-- Records supplied --

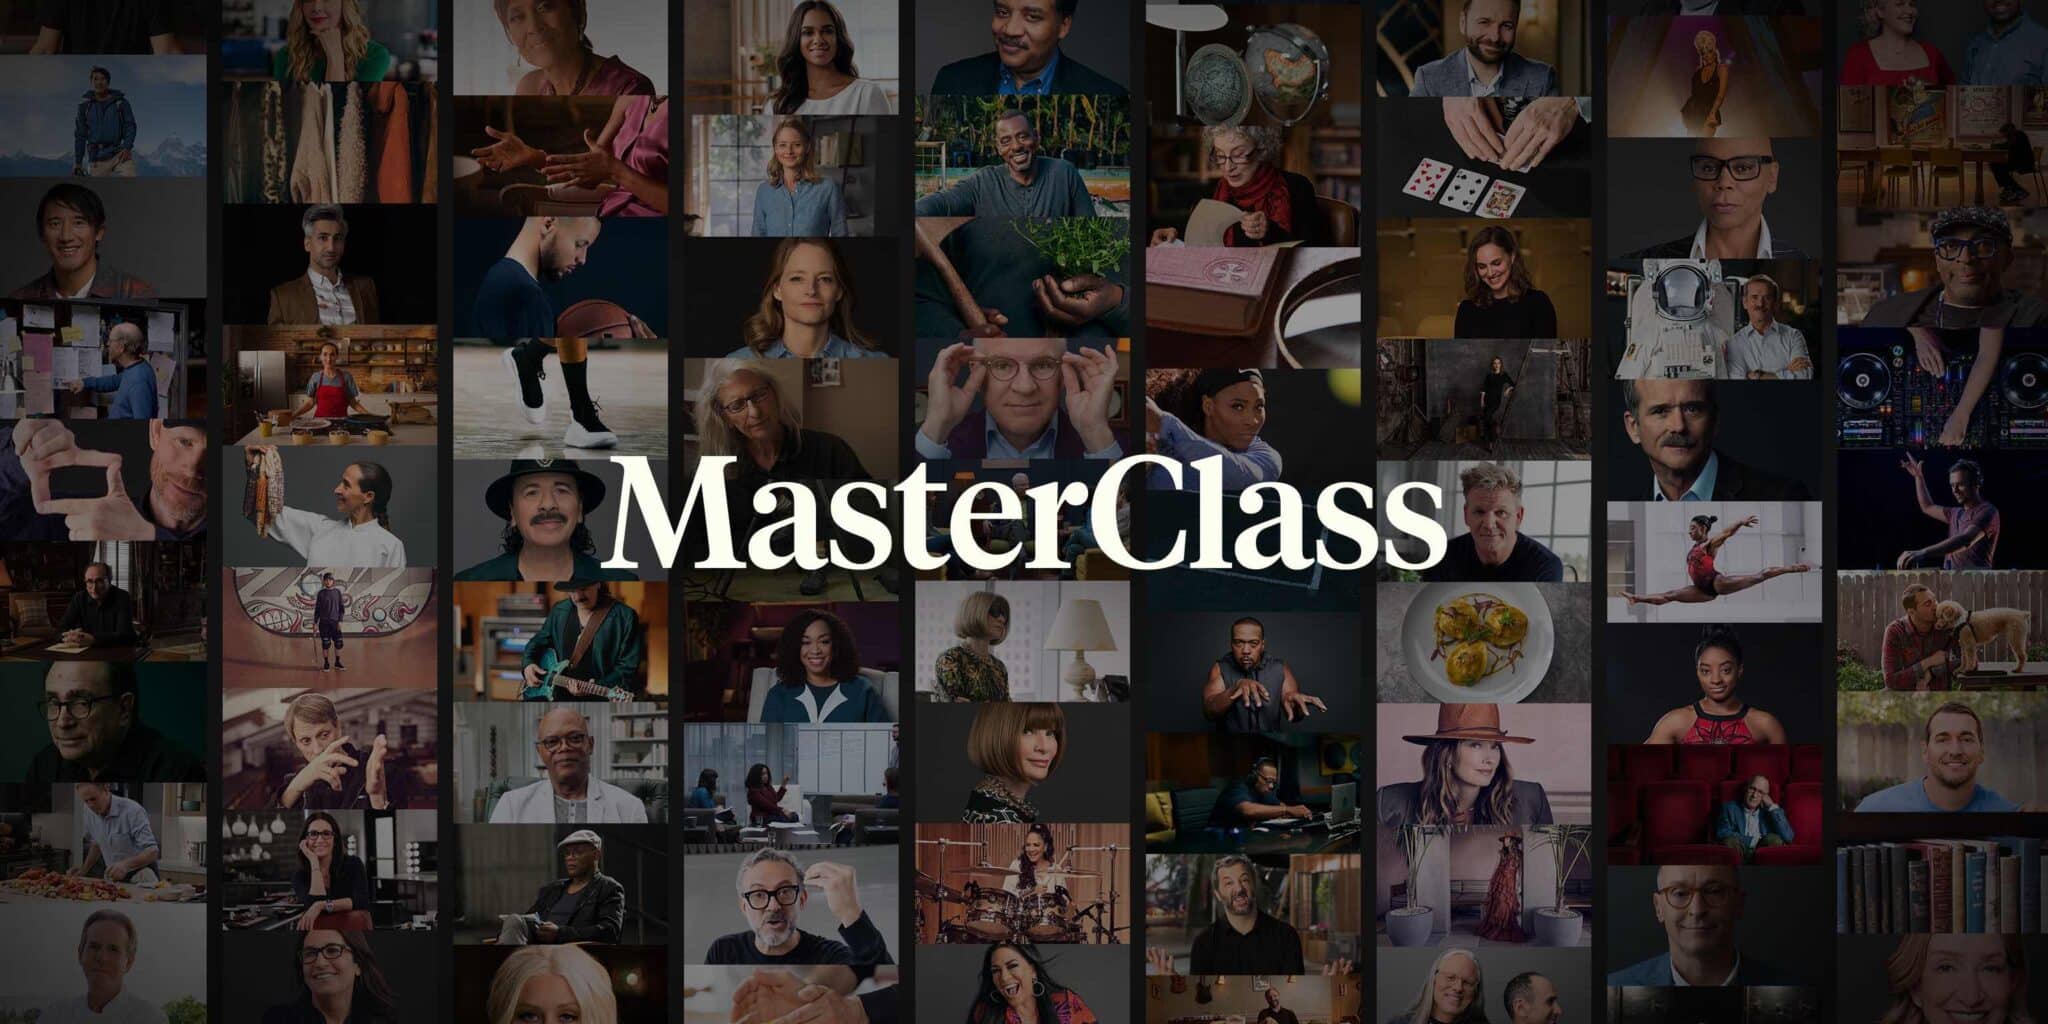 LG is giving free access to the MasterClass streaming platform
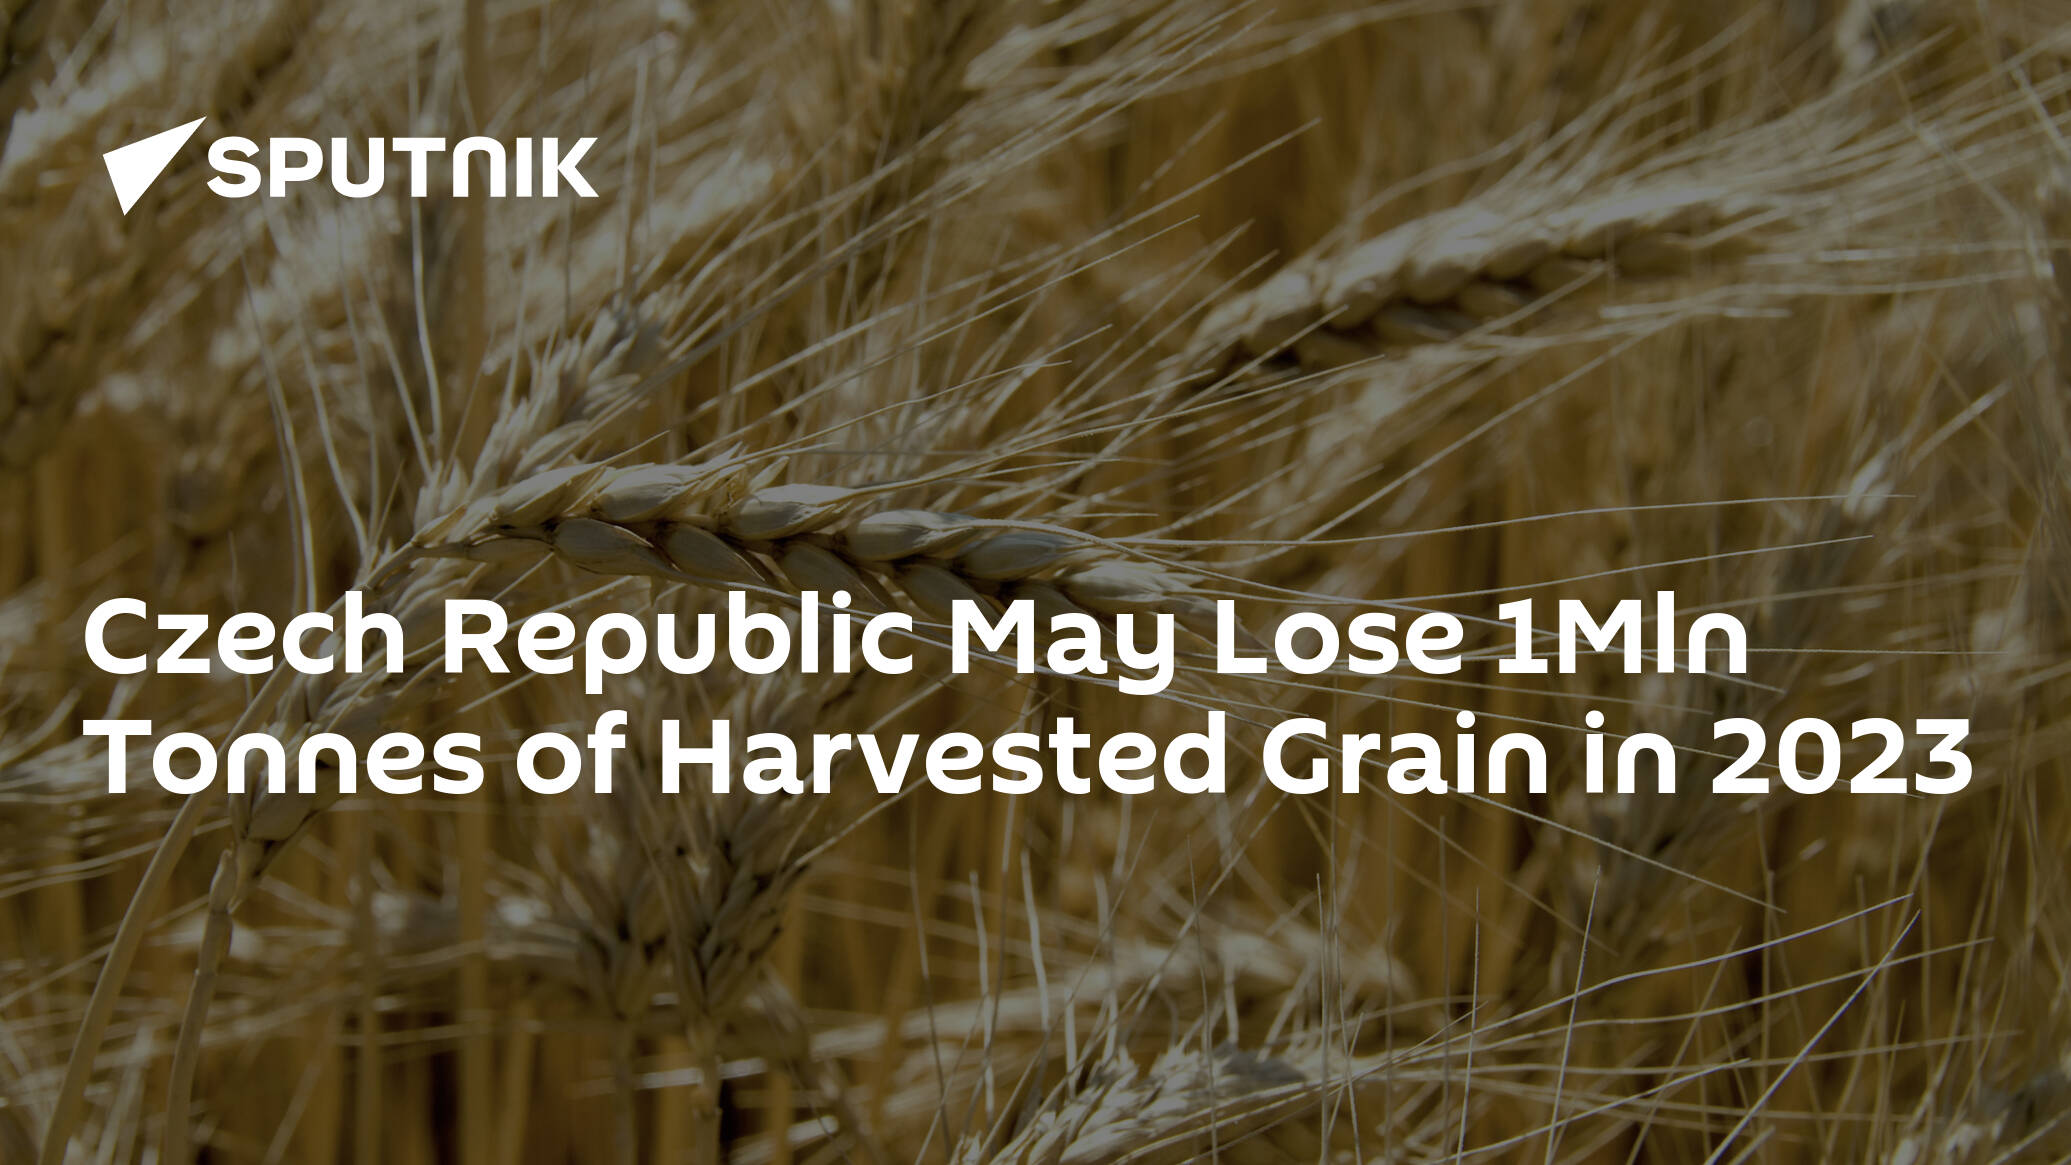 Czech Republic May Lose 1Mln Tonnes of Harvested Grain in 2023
--
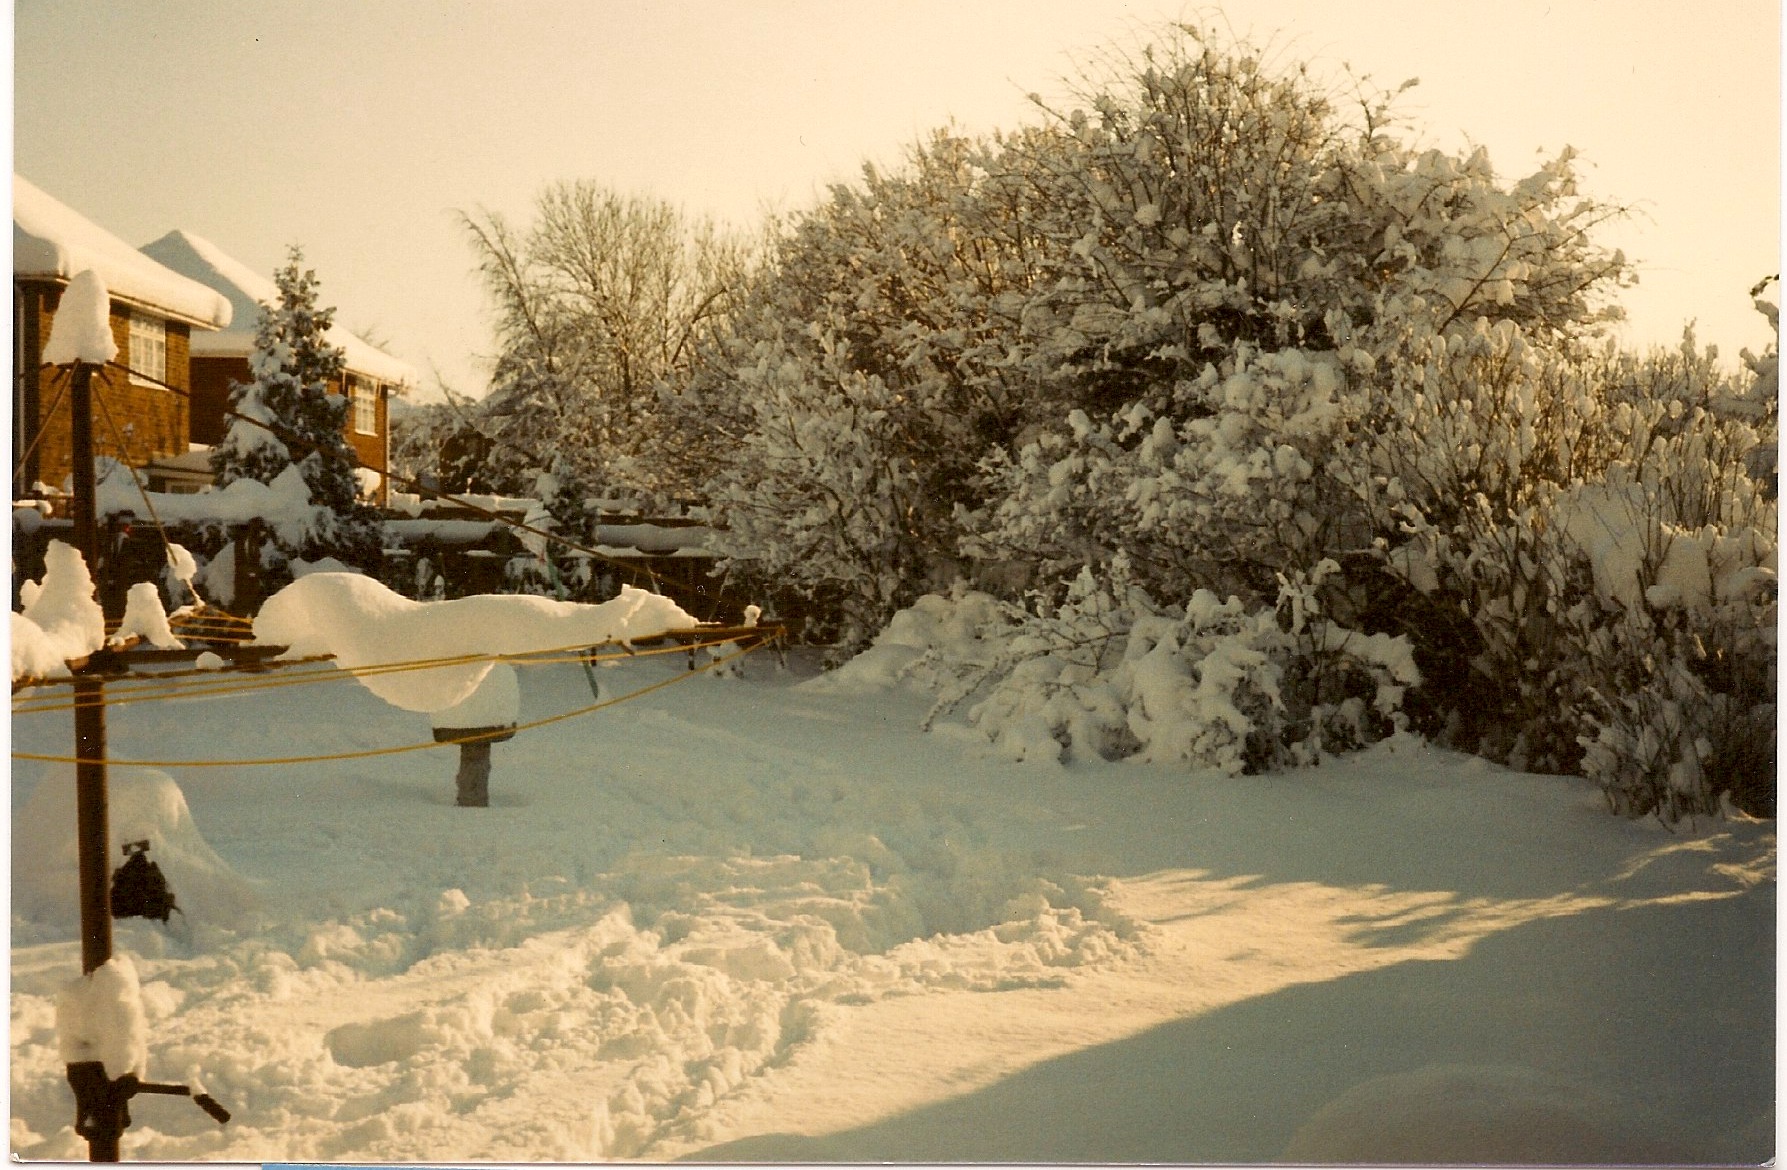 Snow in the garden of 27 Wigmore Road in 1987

-- Problem statement --
Output only the stretch above from the line with "LG is giving" through the line with "Czech Republic May", reproduced exactly. Exclude pictures.

-- The completed task --
 LG is giving free access to the MasterClass streaming platform
 Czech Republic May Lose 1Mln Tonnes of Harvested Grain in 2023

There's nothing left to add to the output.